One of the last group shows in which he participated, was for important artists originating from Haiti, and it brought him full circle to La Defense, « Haïti au toit de la Grande Arche», Paris, France, Septembre 1998.

Concerned for his fellow humanity and planet, he was active in reforestation in developing countries, beginning with Haiti and the Dominican Republic. In the mid 1970's he wrote an article in the Le Nouvelliste entitled "Haiti en L'An 2000" where he stressed the importance of infrastructure reform and environmental sensitivity amid population growth.
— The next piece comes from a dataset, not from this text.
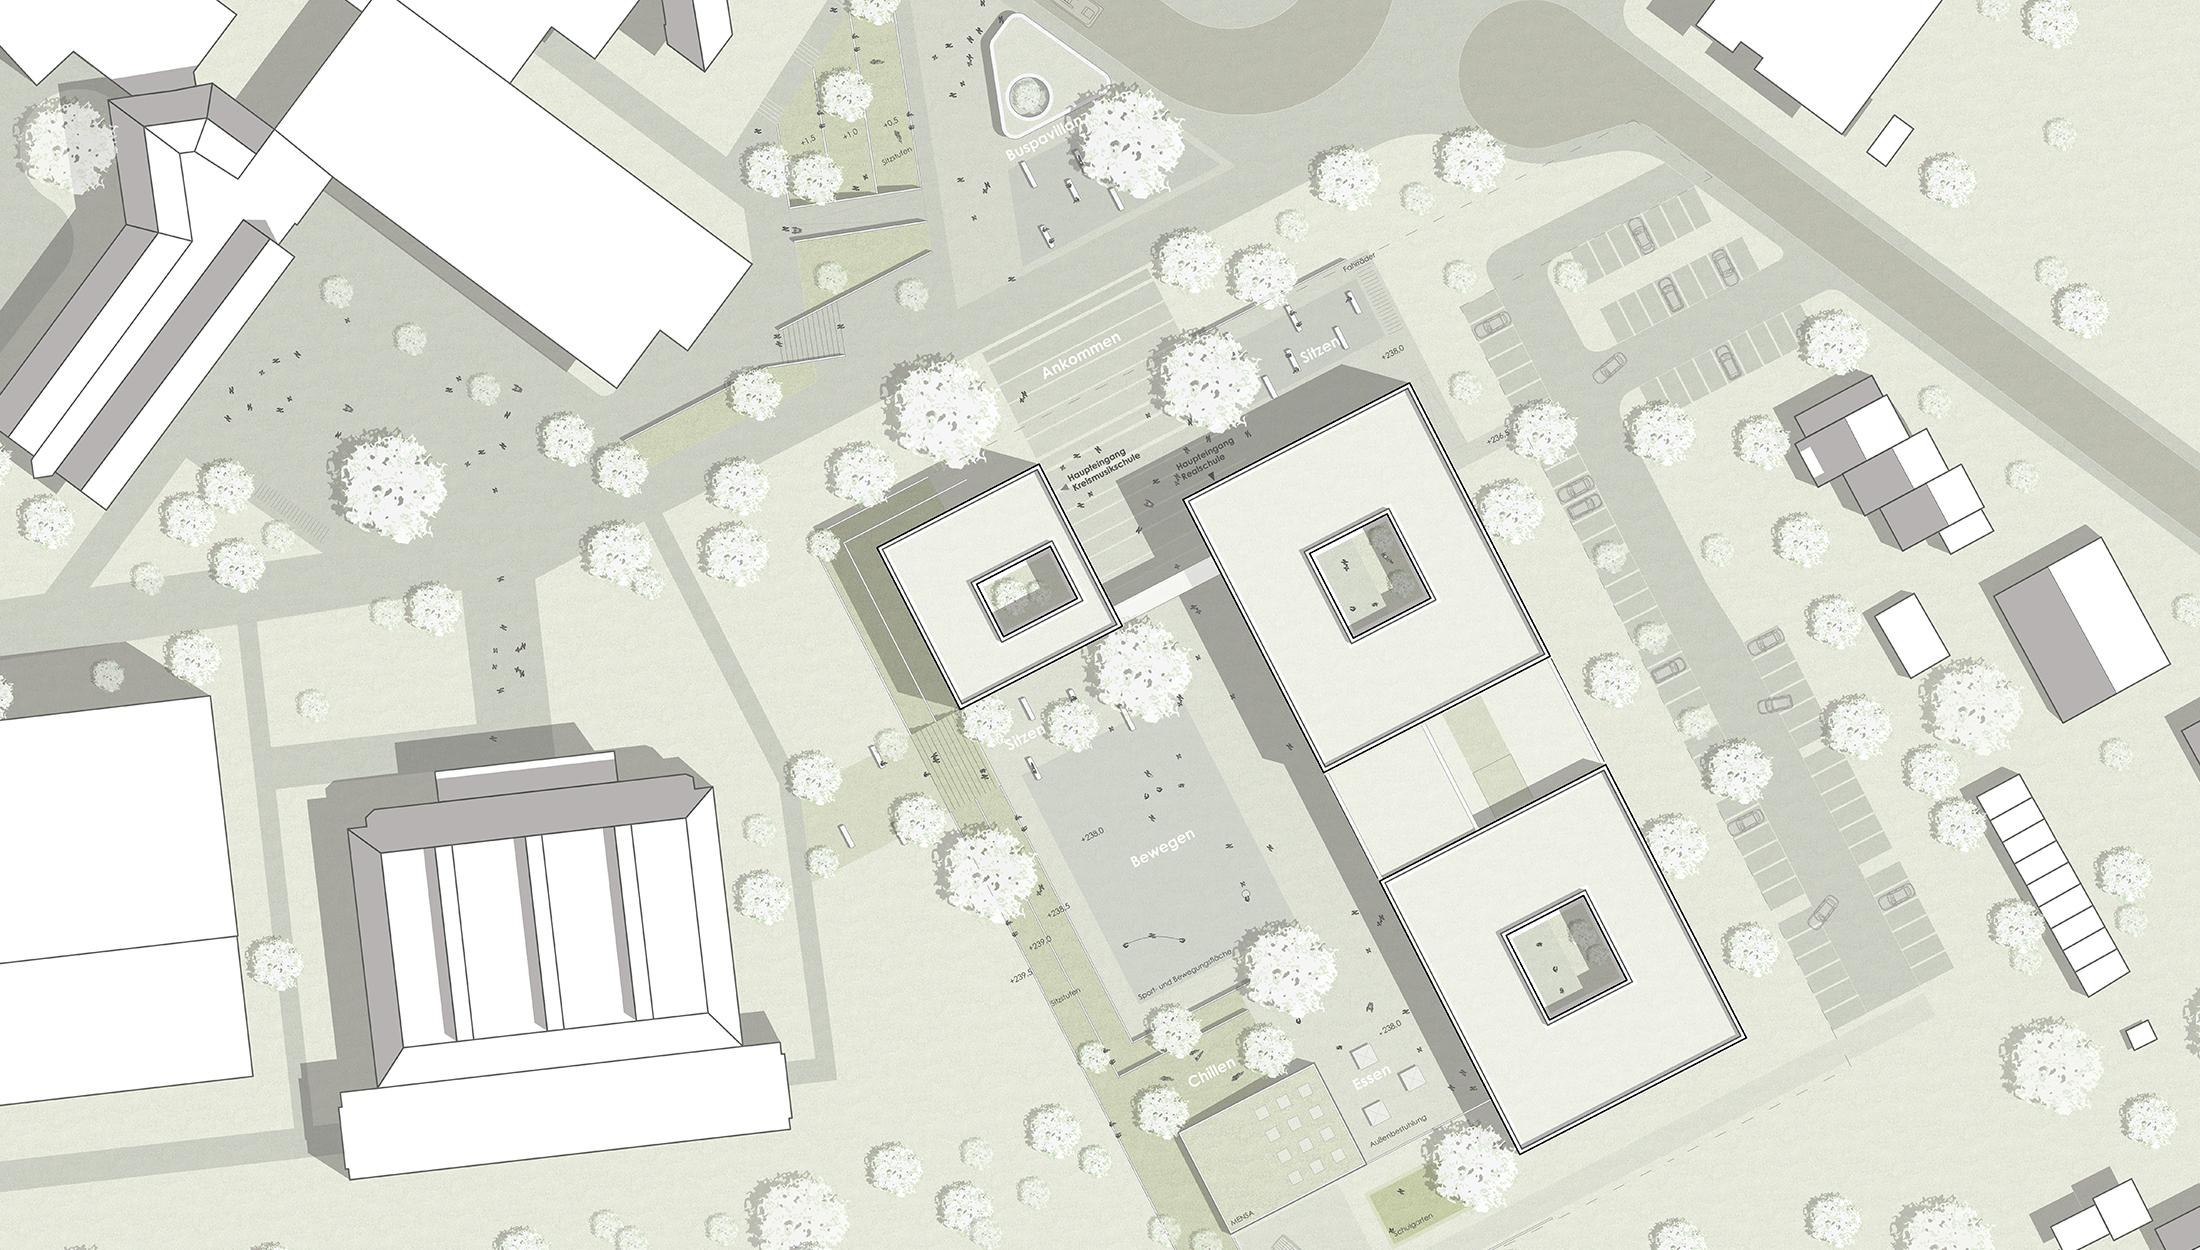 2019, Anne-Frank-Realschule plus, Montabaur

He founded EkoSol Foundation, a non-profit organization focused on environmental solutions, hosting 'koumbits,' where he motivated communities to plant trees. He also allowed the public to participate in "Materia Viva" a museum installation making stoves using discarded tires, fueling them with fallen twigs instead of chopped trees used for firewood or charcoal. In this way, one actively experienced environmental conservation, an incentive appealing to the senses, as one smelled the aroma of a delicious meal being cooked and served from this stove.

==Usage specifics==
Specific Art Medium: Encaustic (paint made of melted beeswax and metallic oxide powders.)

Subjects: Symbols and figures of Women, Horses, Kites, Boats, Turtles, Birds, Pelicans, Fish, Mermaids, Drums and Musical Instruments, Houses, Tropical Trees, the Sea, and Mardi Gras figures, Rhythm, Movement, and Colors.

Sculpture: copper, bronze, stainless steel, wood, and also acrylic color painted over metal. He presented symbolic and environment-oriented sculpture as museum installations.

Furniture: He developed and patented furniture designs focusing on chairs.

Koumbits Gatherings, in Haitian culture, where the participants work harmoniously alongside each other, often to the rhythms of drum or flute.

==Death and legacy==
Tebó died 26 May 2004 in Santiago de los Caballeros, Dominican Republic to pancreatic cancer. He had four children with Rona Roy, a Haitian- American with whom he was married from 1959 to 1977. Spanish born Maria de Los Angeles Gracia Fernandez was his live-in companion from 1987-2004. He left a prolific body of work throughout the Caribbean region, establishing himself as a Contemporary Caribbean Master. Having studied Latin and traveled extensively, Tebó was fluent in at least six languages: French, Haitian Creole, English, Spanish, Portuguese, and Italian.

Tebó helped pave the way for Nicolas Dreux and influenced other younger contemporary Caribbean artists as they began to form an identity. He taught his draftsman Arijac (Harry Jacques), and eventually his framer and assistant, Osnel Saint Ral, the encaustic technique.